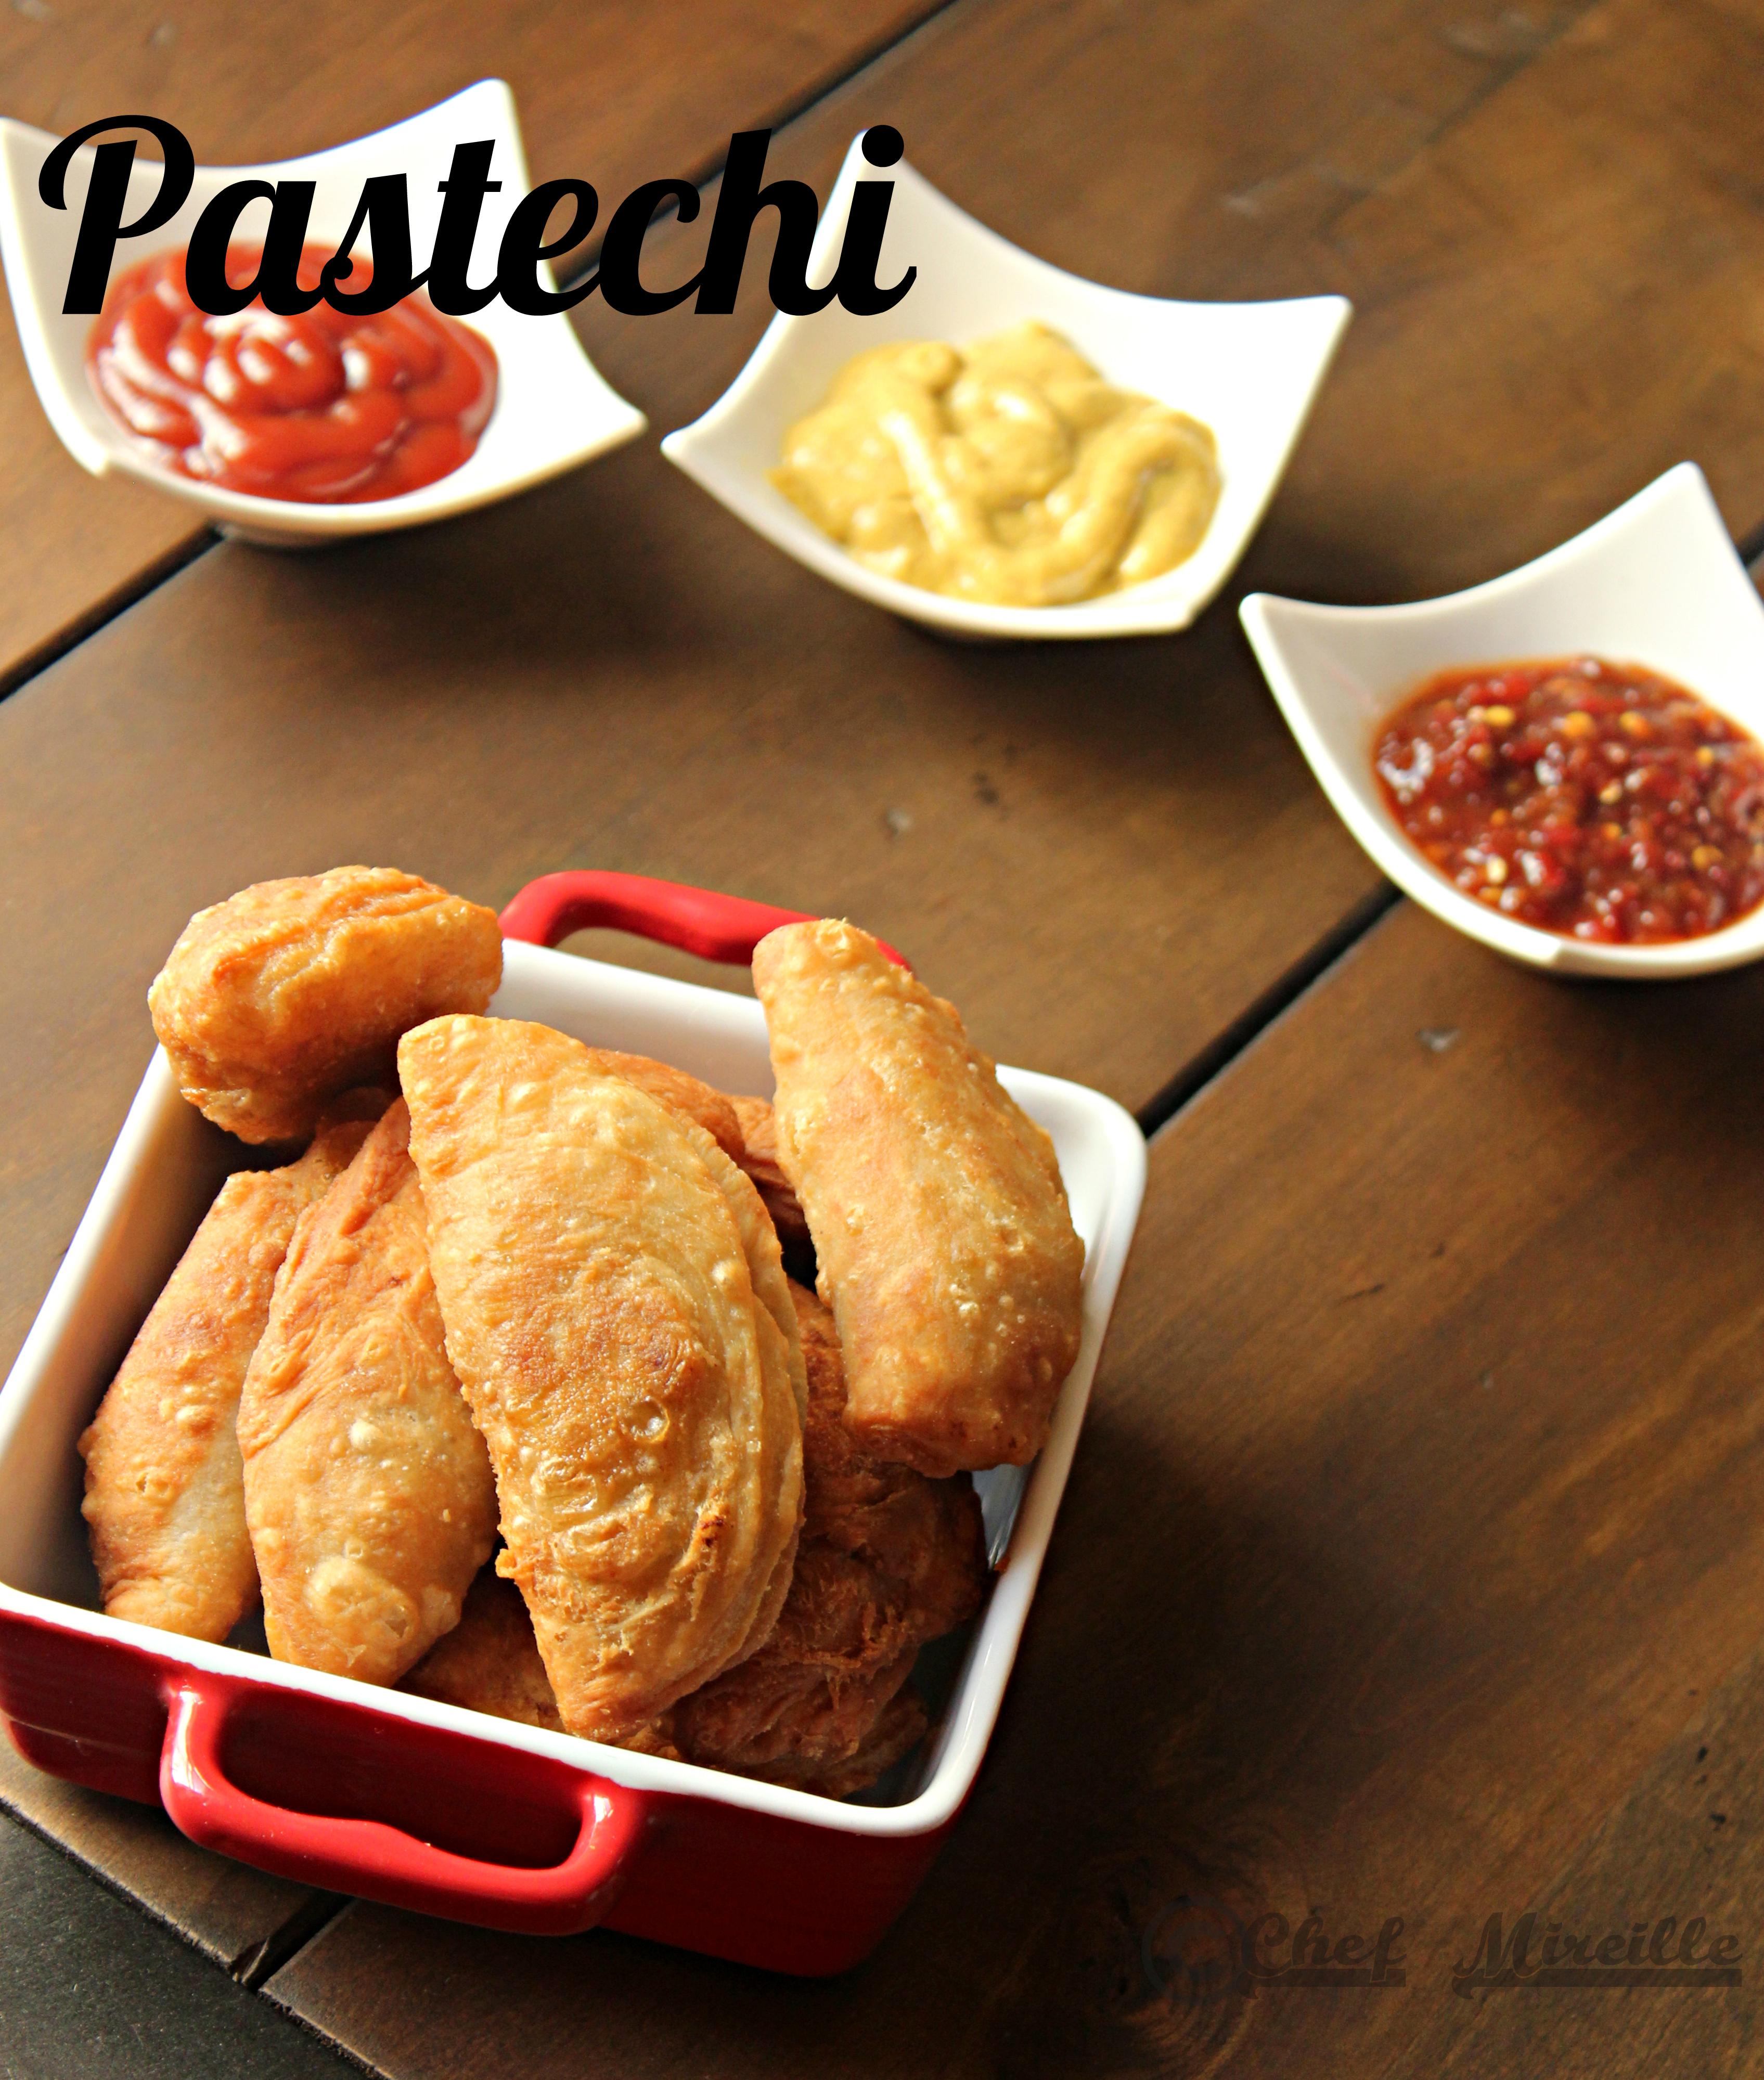 Pastechi - Aruba style  Empanadas with condiments
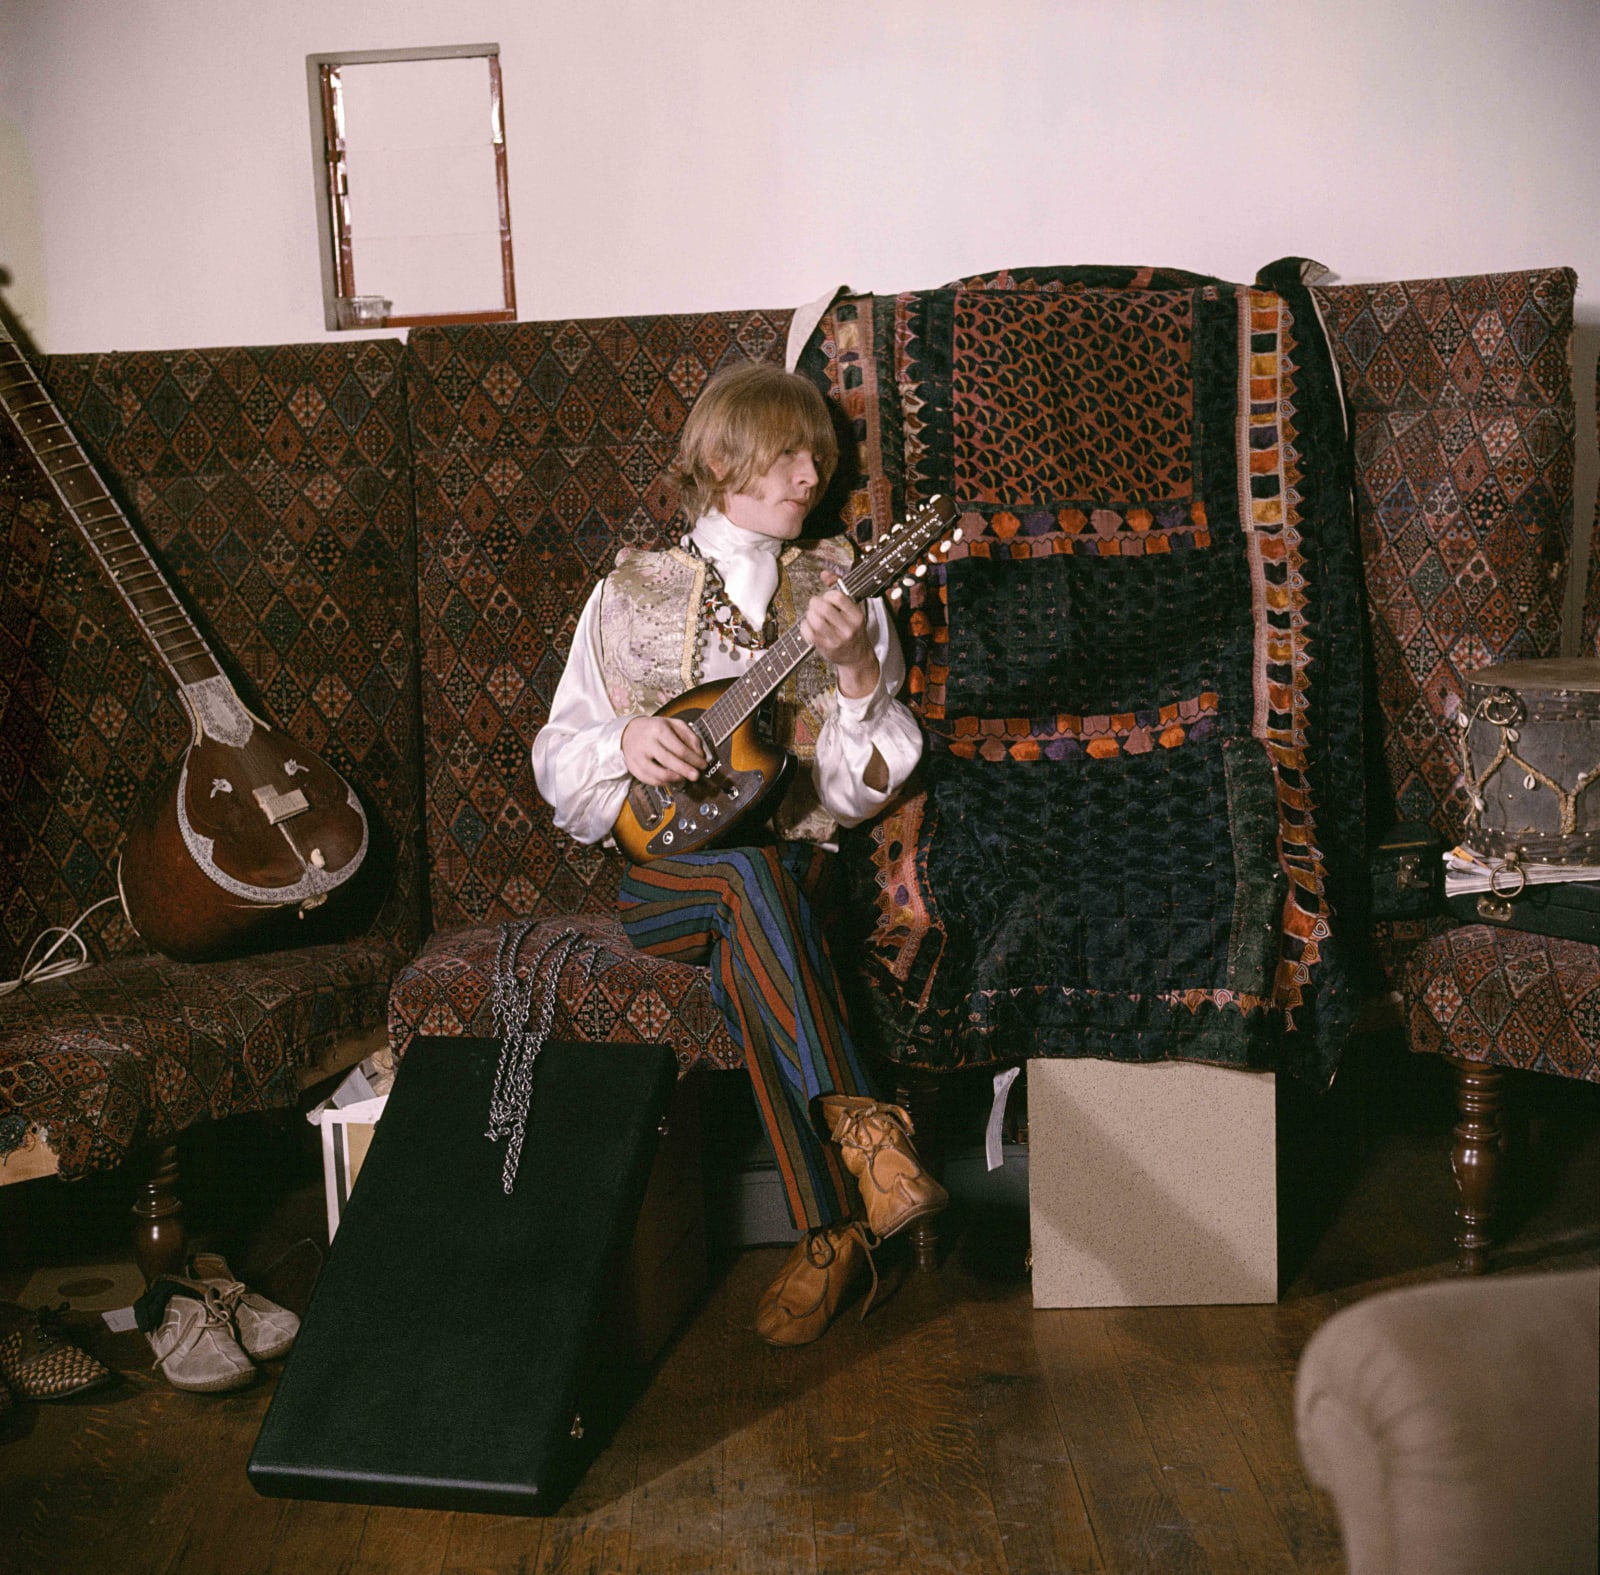 Rolling Stones, Gered Mankowitz
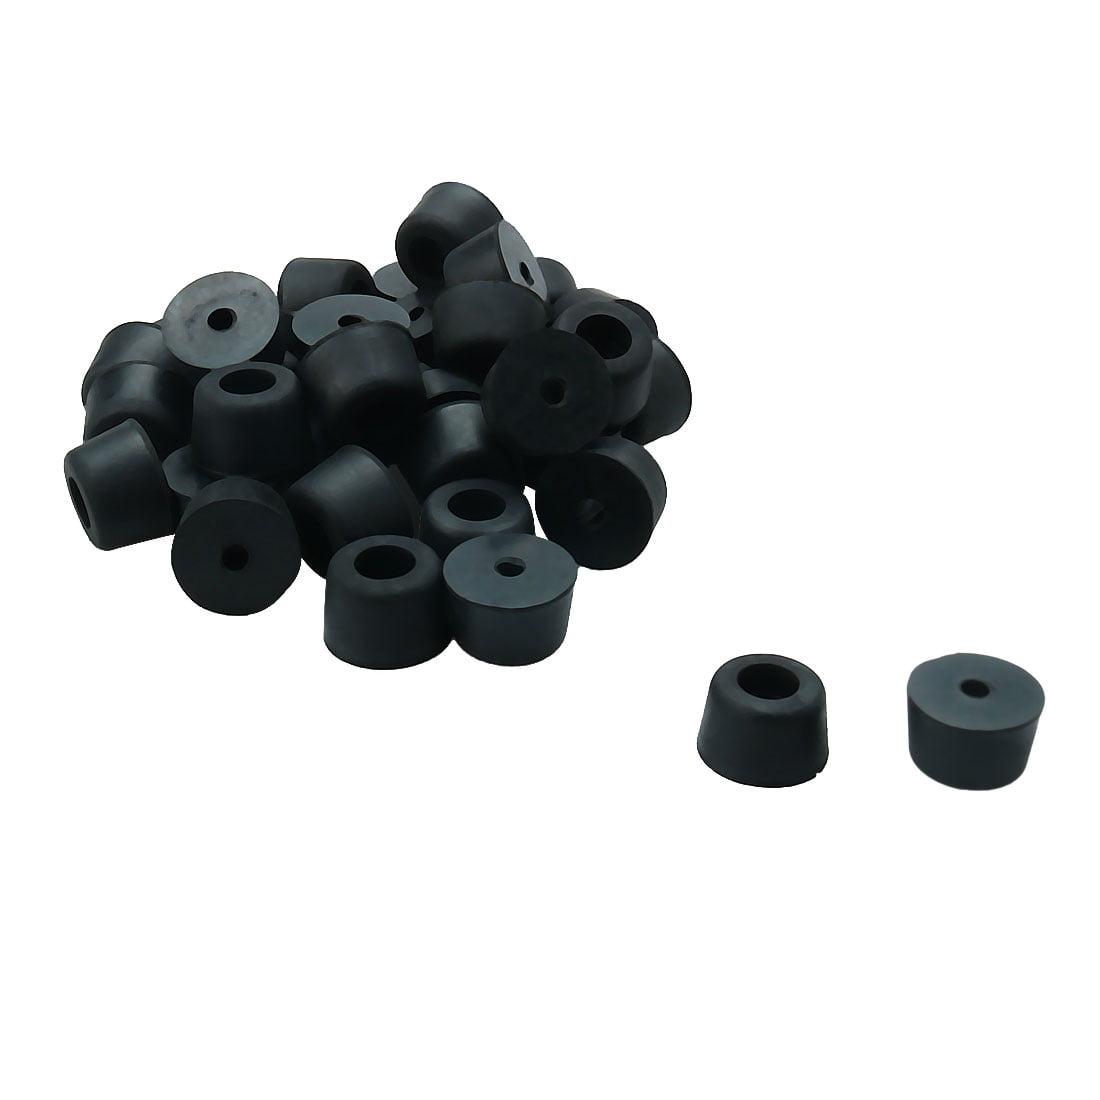 32pcs Rubber Feet Bumper Speaker Floor Protector for Desk Leg Pad, D14x12xH9mm - image 7 of 7

########

= ACTIVITY =
Retype the whole listing exactly and leave the pictures out.

= RESULT OF THE EXERCISE =
 Pastechi - Aruba style  Empanadas with condiments
 Rolling Stones, Gered Mankowitz
 32pcs Rubber Feet Bumper Speaker Floor Protector for Desk Leg Pad, D14x12xH9mm - image 7 of 7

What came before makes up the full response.